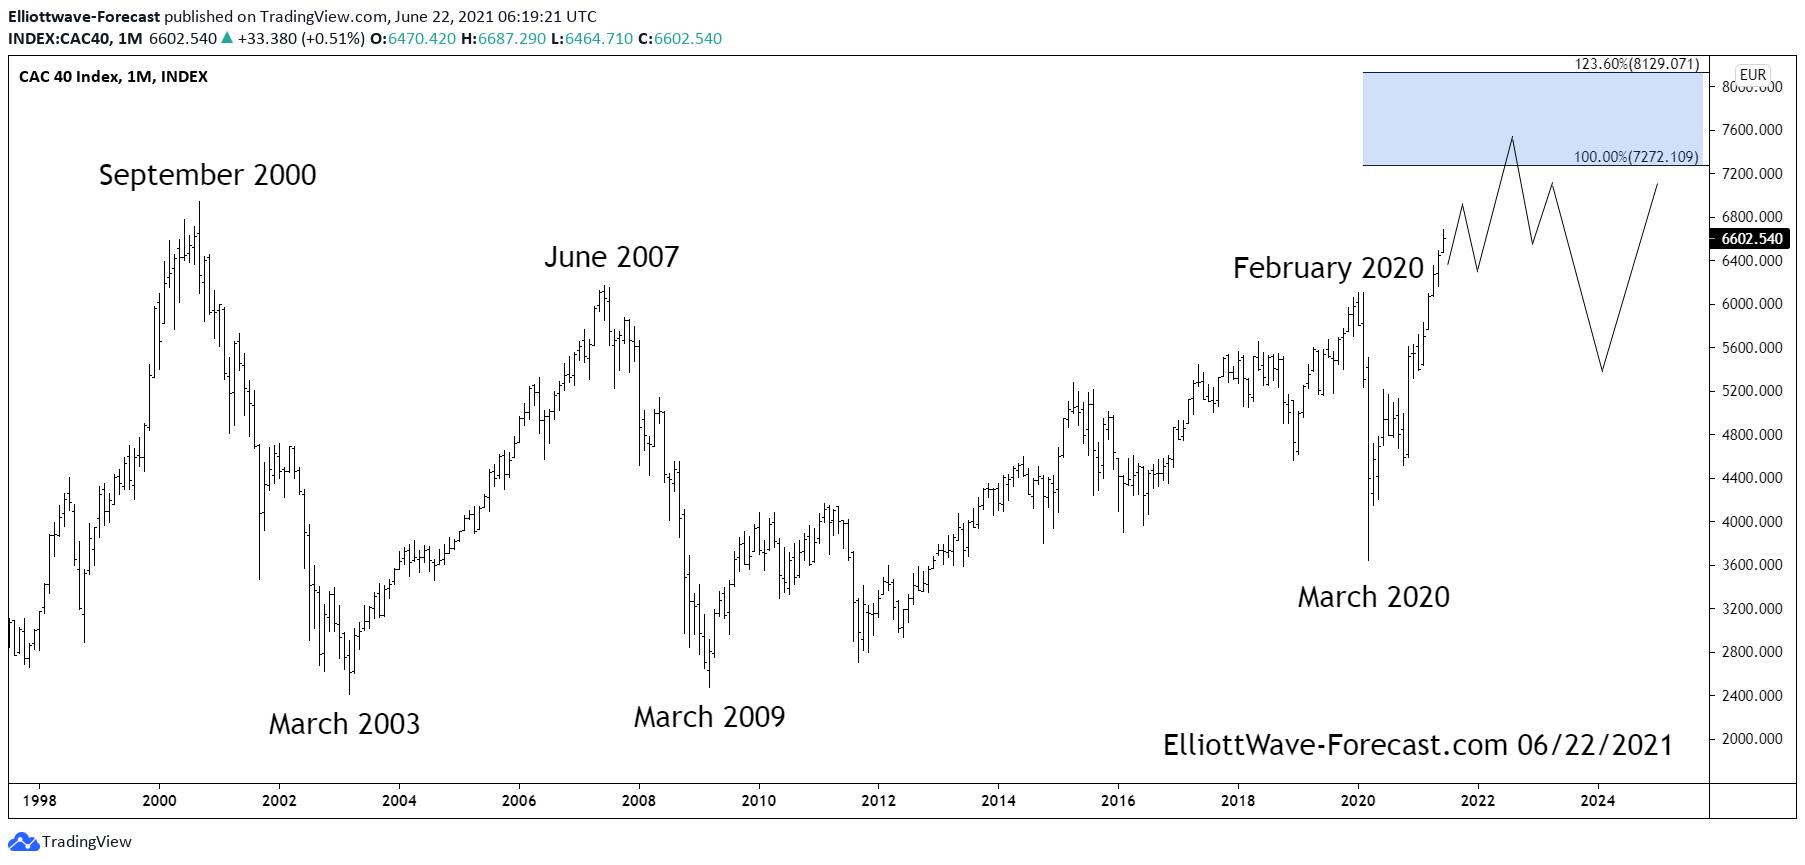 The $CAC40 Longer Term Bullish Cycles & Swings
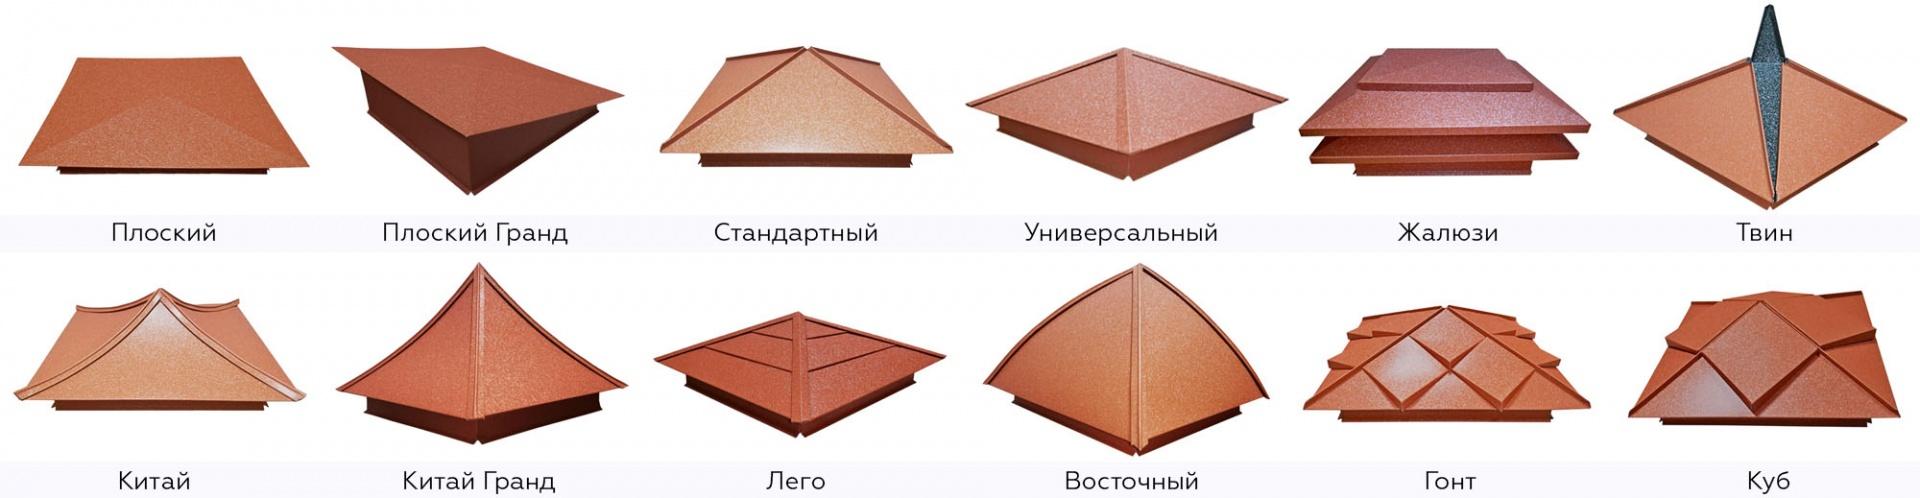 Типы колпаков для столба по форме
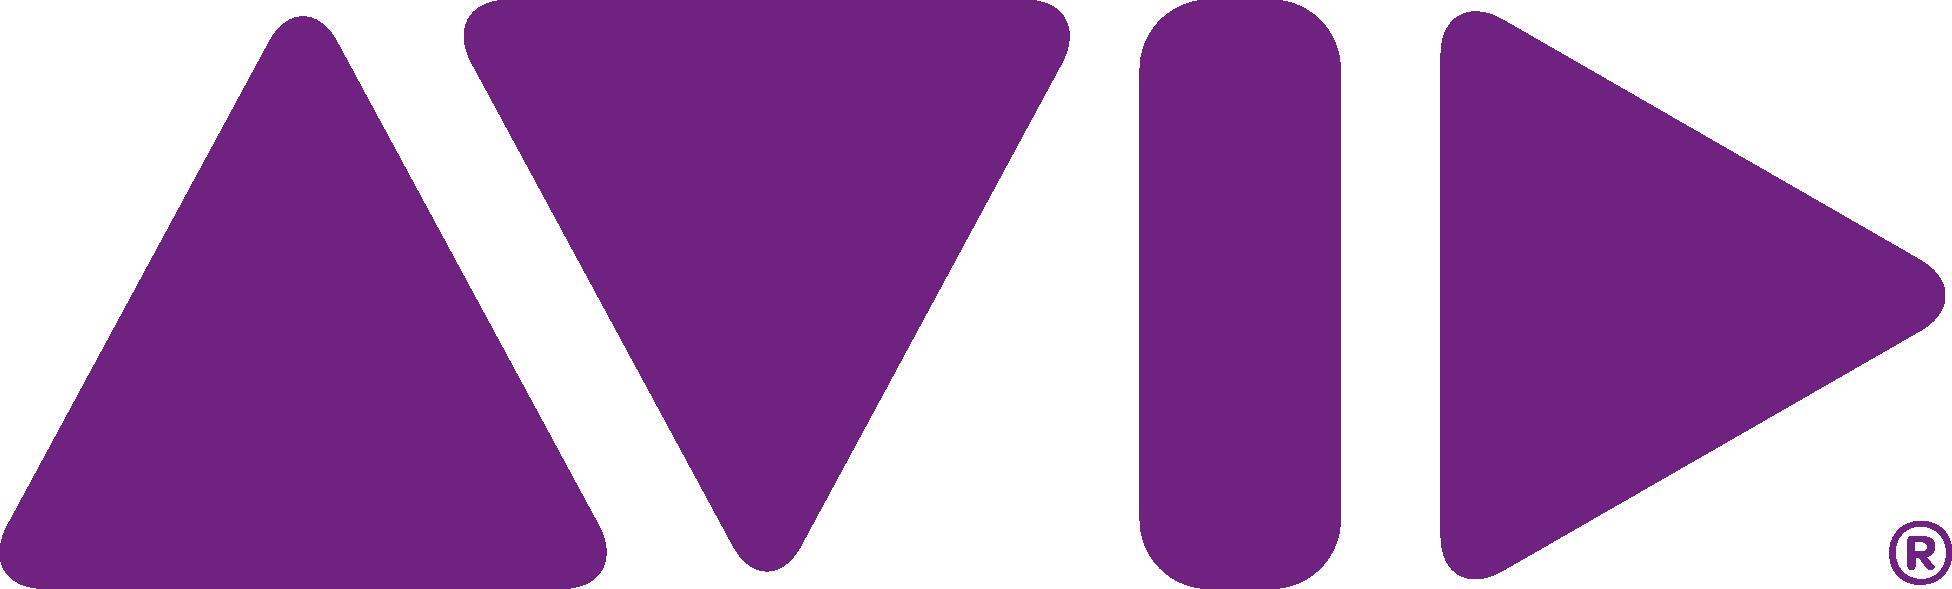 Avid Logo.
======
* YOUR ASSIGNMENT *
The listing above must be restated word for word. Its pictures are to be left out.

* TASK SOLUTION *
 The $CAC40 Longer Term Bullish Cycles & Swings
 Типы колпаков для столба по форме
 Avid Logo.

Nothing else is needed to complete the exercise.